Так что ничего особенного не происходило. Просто были все эти вечера, которые мы проводили вместе, и просто представить нельзя, что этого больше не будет. Казалось, во всем мире есть только двое — она и я. Никто никогда не поймет, как мы были счастливы… то есть, конечно, это я был счастлив, но случались такие минуты, когда, думаю, и она тоже, несмотря на все, что она тут говорила… если б только подумала как следует, согласилась бы, что это так. Я мог бы сидеть всю ночь, глядя на нее, на ее склоненную голову, изгиб шеи и как волосы падают волной на спину, распадаются как-то по-особенному, в форме ласточкиного хвоста, так элегантно… Они падали просвечивающей пеленой, словно облако, лежали на спине и плечах шелковистыми прядями, свободно, небрежно, но так красиво. Жалко, у меня слов не хватает их описать, я ведь не поэт, не художник. Когда волосы падали слишком низко, мешали ей, она их отбрасывала назад — таким каким-то простым, естественным жестом. Мне иногда хотелось сказать, ну, пожалуйста, пусть падают низко, пусть этот жест повторится, ну, пусть еще раз. Только я понимал, как глупо это будет выглядеть. Все, что она делала, было так же элегантно. Просто страницу перевернет. Сядет. Встанет. Даже когда курит или чай пьет. Даже когда делает что-нибудь, что считается некрасивым, ну там, зевает или потягивается. У нее все получалось красиво. Правду сказать, она просто не умела некрасиво двигаться. Слишком красивая была.
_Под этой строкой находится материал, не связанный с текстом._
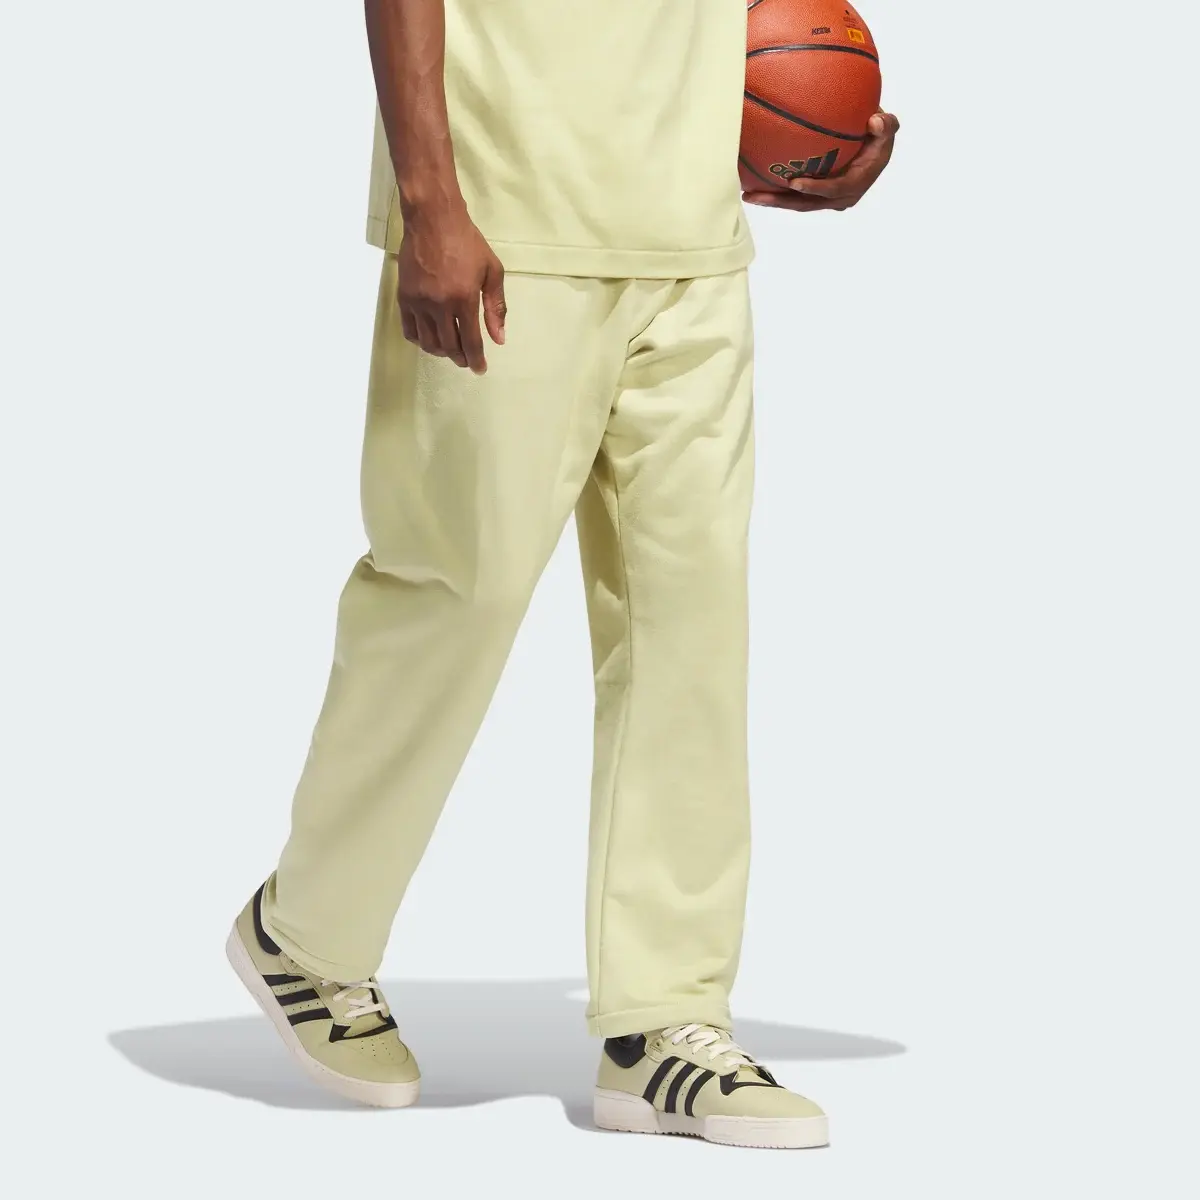 Adidas Spodnie Basketball Sueded. 3

И она была чистюля. Всегда от нее пахло чем-то приятным, свежестью какой-то, не то что от других женщин, не буду их здесь называть. Она терпеть не могла грязи, как и я, хоть и подсмеивалась надо мной за это. Как-то сказала, это, мол, признак помешательства — хотеть, чтобы все вокруг было всегда чистым. Если так, мы с ней оба были помешаны на чистоте.

Ну, конечно, не всегда все было так вот мирно и светло, несколько раз она пыталась совершить побег, уже это одно о ней может много сказать. К счастью, я всегда был настороже.

Как-то раз даже чуть меня не перехитрила. Она ужасно хитрая была, коварная. Я вошел, а она больна и выглядит ужасно. И рвота на полу. Ну, я испугался, говорю, что такое, что случилось, а она лежит, вроде помирает от боли. Наконец говорит, еле-еле слышно:

— Это аппендицит.

С чего вы взяли? — спрашиваю.

— Думала, ночью умру, — и слова еле-еле выговаривает, вроде ей трудно.

Я говорю, может, это что другое.

Она отвернулась к стене и только простонала:

— О Господи.

Ну, когда я немного пришел в себя, я подумал, может, она притворяется.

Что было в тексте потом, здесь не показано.